# Lenovo ThinkSystem SR665 FreeBSD compatibility



## Buck (Aug 15, 2021)

This one. https://www.lenovo.com/us/en/data-center/servers/racks/ThinkSystem-SR665/p/77XX7SR552S

What I'd like to know if there are any potential pitfalls before I get one. The intention is to run some kind of virtualization, like ESXi or Proxmox and one of the guest OSes is going to be FreeBSD.

1. Is virtualization software emulating hardware for guest OSes or do they have direct access to hardware?
2. Am I going to have trouble with OCP 3.0 network cards? I'm totally unsure how those work and what drivers are required, et cetera. Maybe the better alternative would be to use PCI ports and plug some better supported (Intel?) NIC in there?
3. Any other potential pitfalls with branded servers that may make the whole system unbootable/unusable?
4. What about running bhyve on this instead of ESXi and friends?


----------



## SirDice (Aug 16, 2021)

Buck said:


> Is virtualization software emulating hardware for guest OSes


Yes. 


Buck said:


> or do they have direct access to hardware?


Only if you configure passthrough. 



Buck said:


> Am I going to have trouble with OCP 3.0 network cards?


Depends if ESXi or Proxmox supports them. Judging from the specifications it should be supported by ESXi.



Buck said:


> Any other potential pitfalls with branded servers that may make the whole system unbootable/unusable?


That's a support question regarding ESXi or Proxmox.
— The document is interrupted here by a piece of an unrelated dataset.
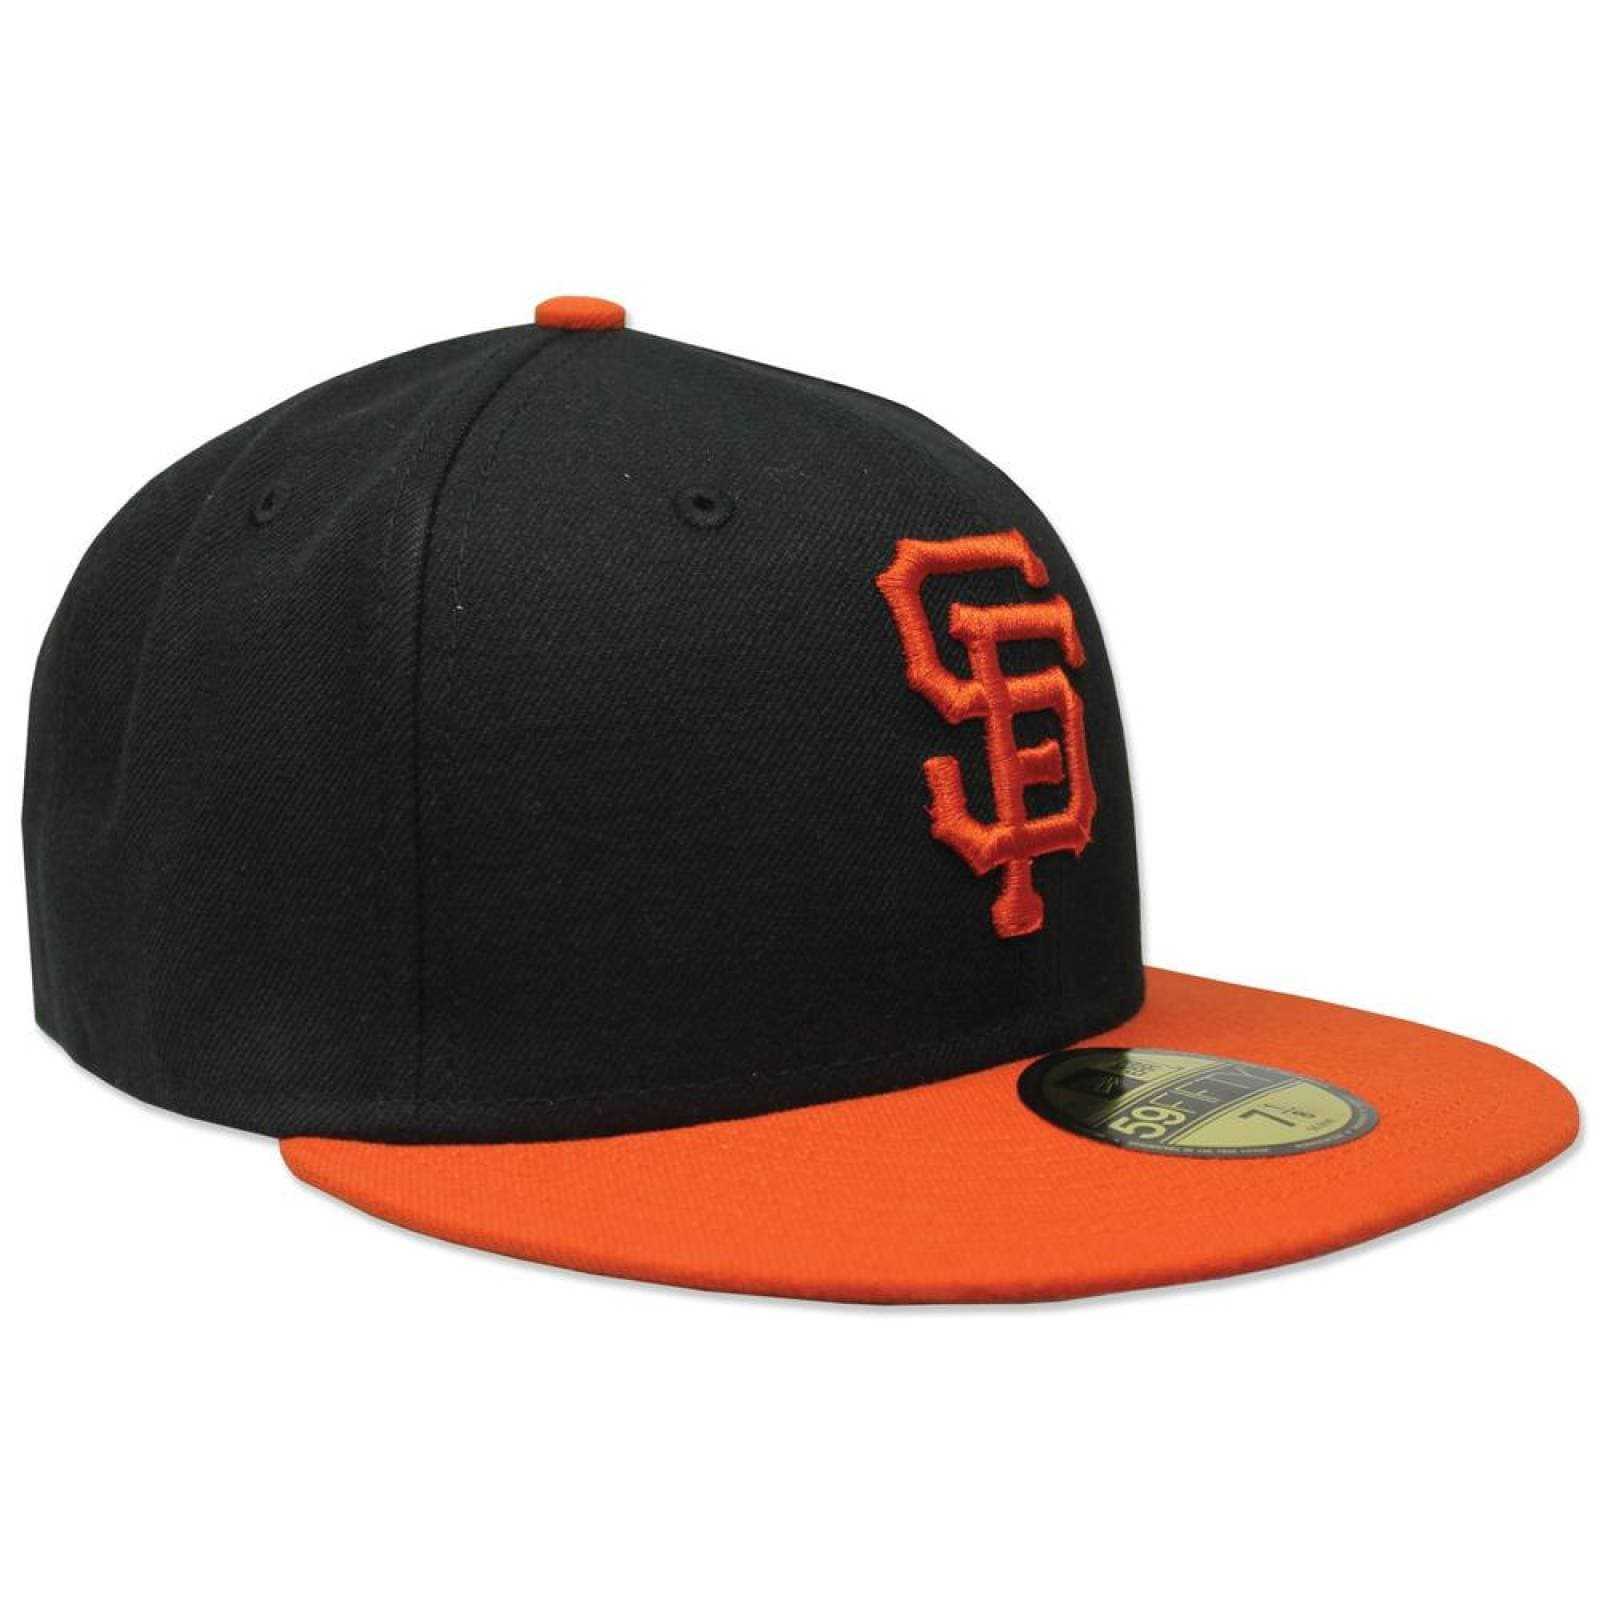 Gorra New Era 5950 Ac Perf Giants Negro Naranja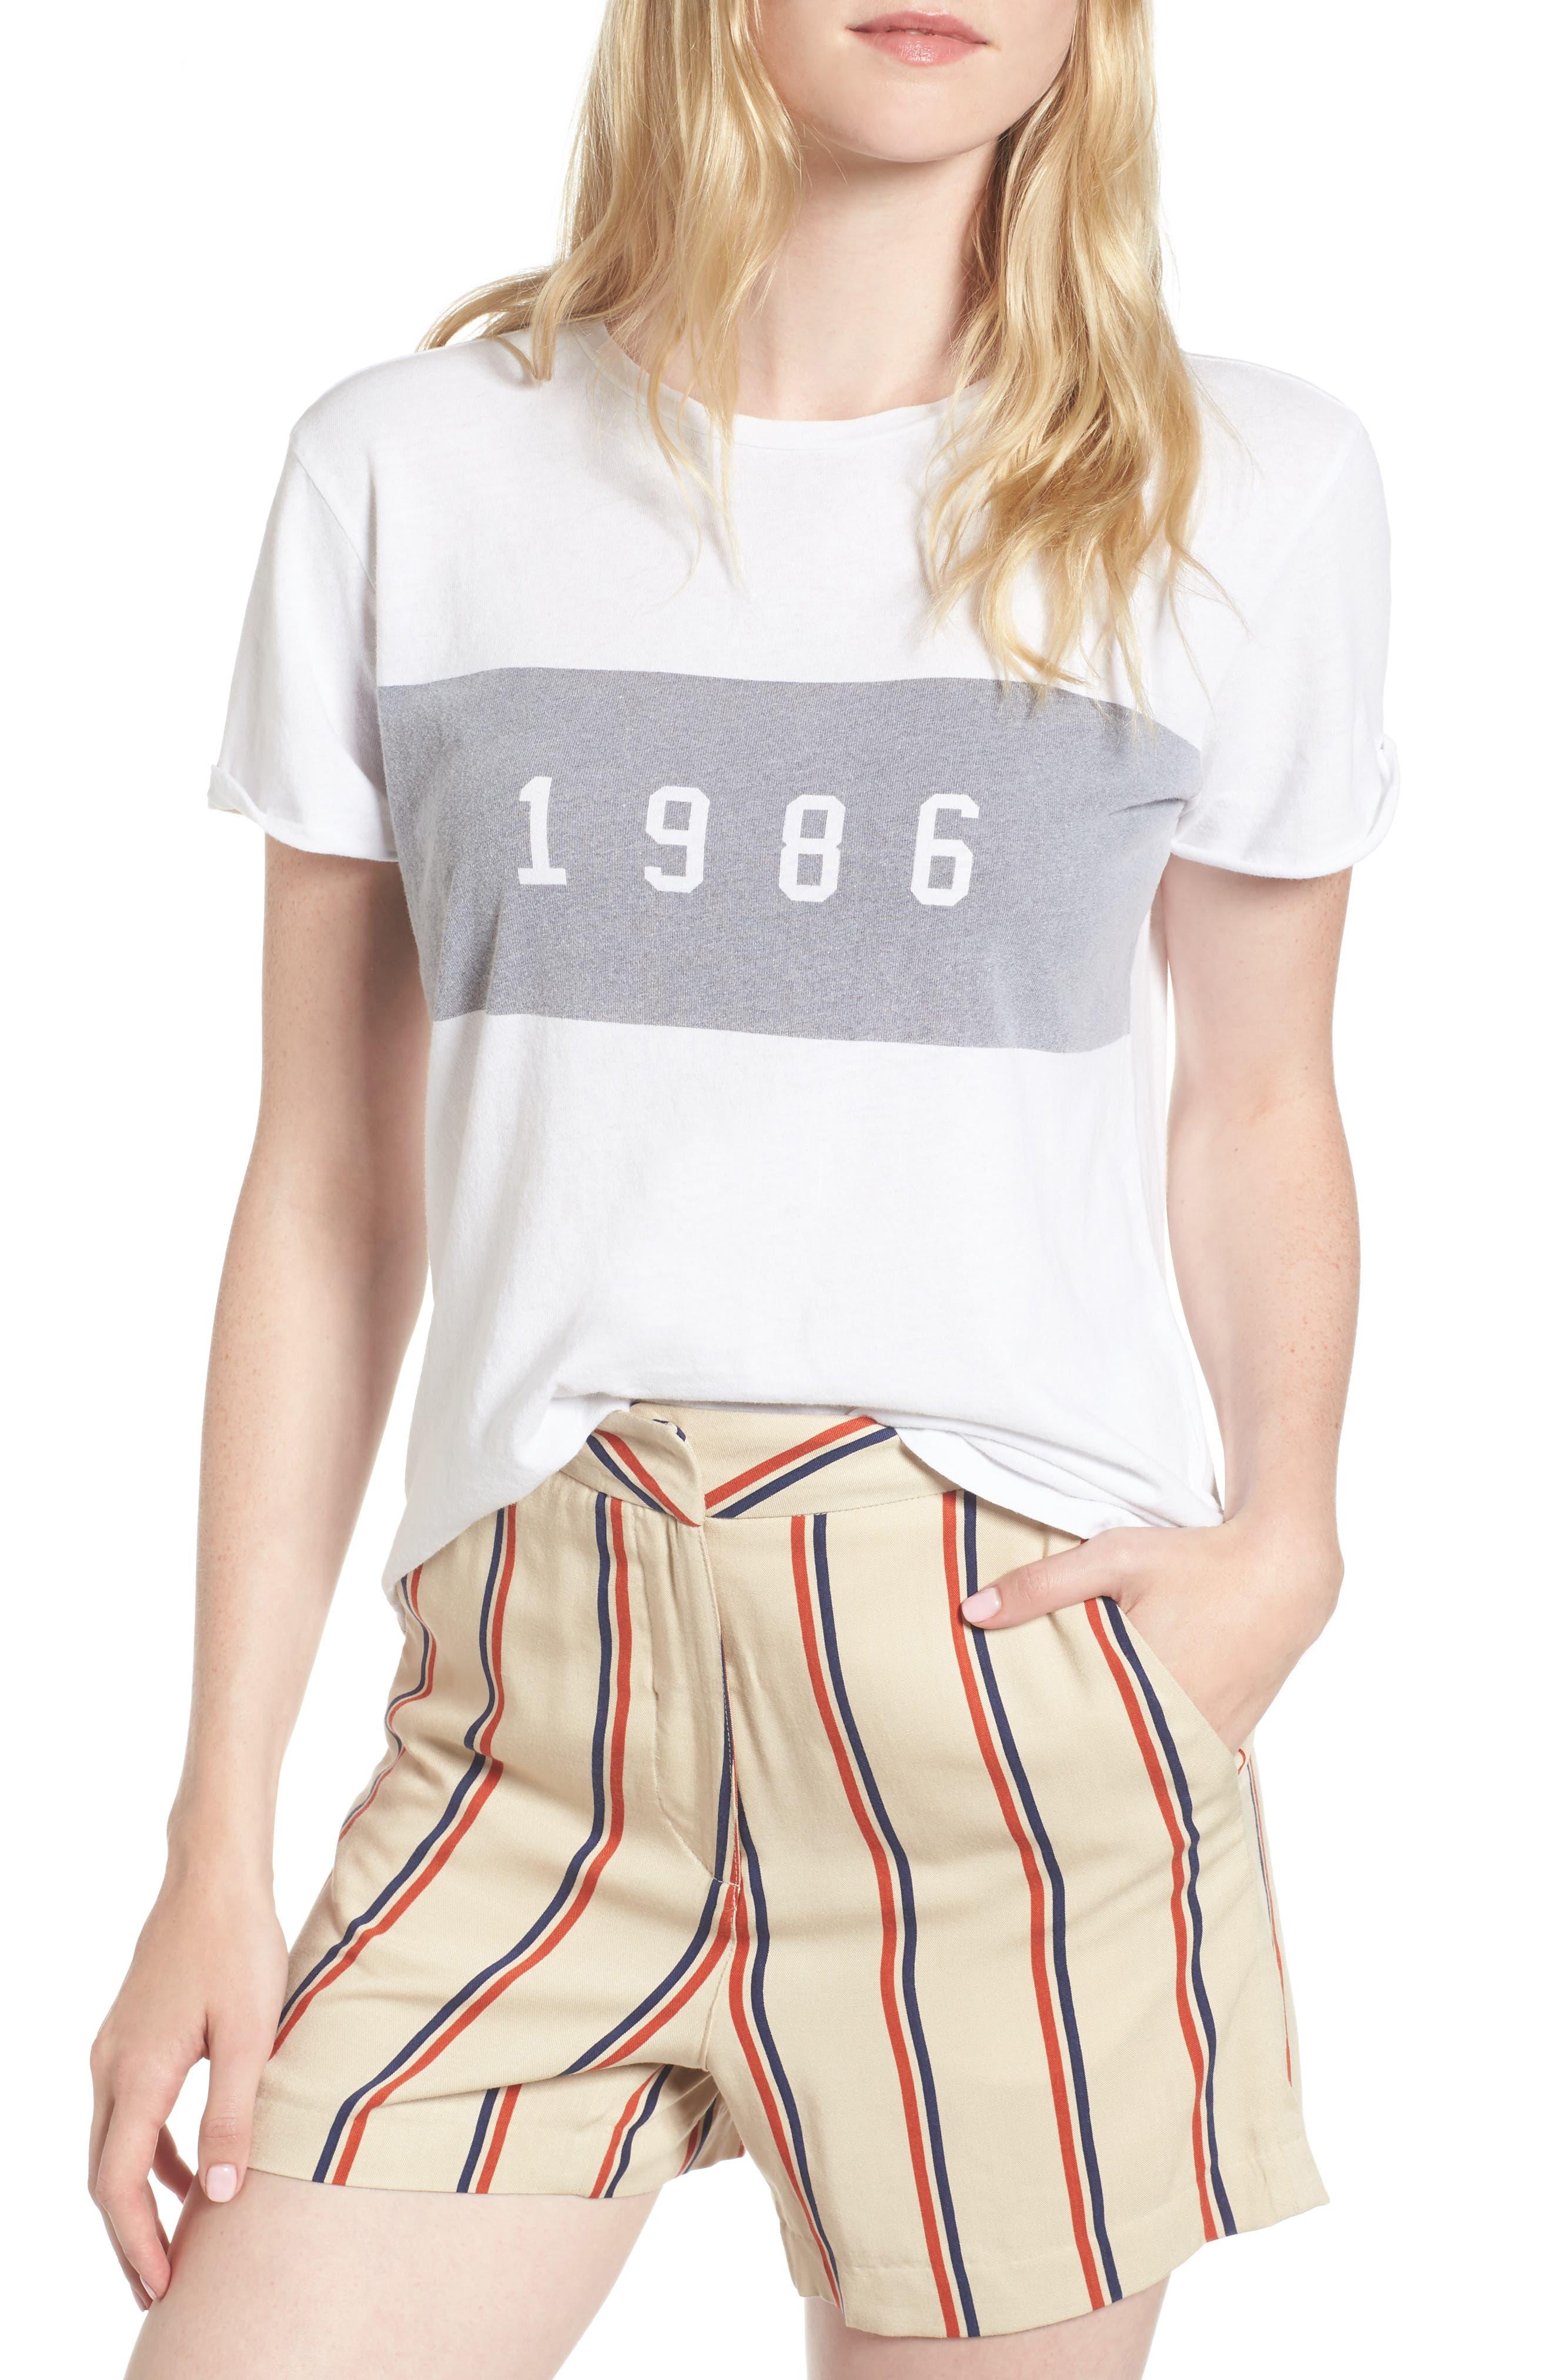 1986 Tee,                         Main,                         color,

Has nothing to do with the guest OSes your going to run on it.


----------



## richardtoohey2 (Aug 16, 2021)

I had trouble installing FreeBSD on a ThinkSystem (sorry, can't find the exact specs) so definitely worth your while checking before you buy.  I imagine it would have been resolvable but the end-customer was in a rush to get to production so I didn't have enough time to work it out.


----------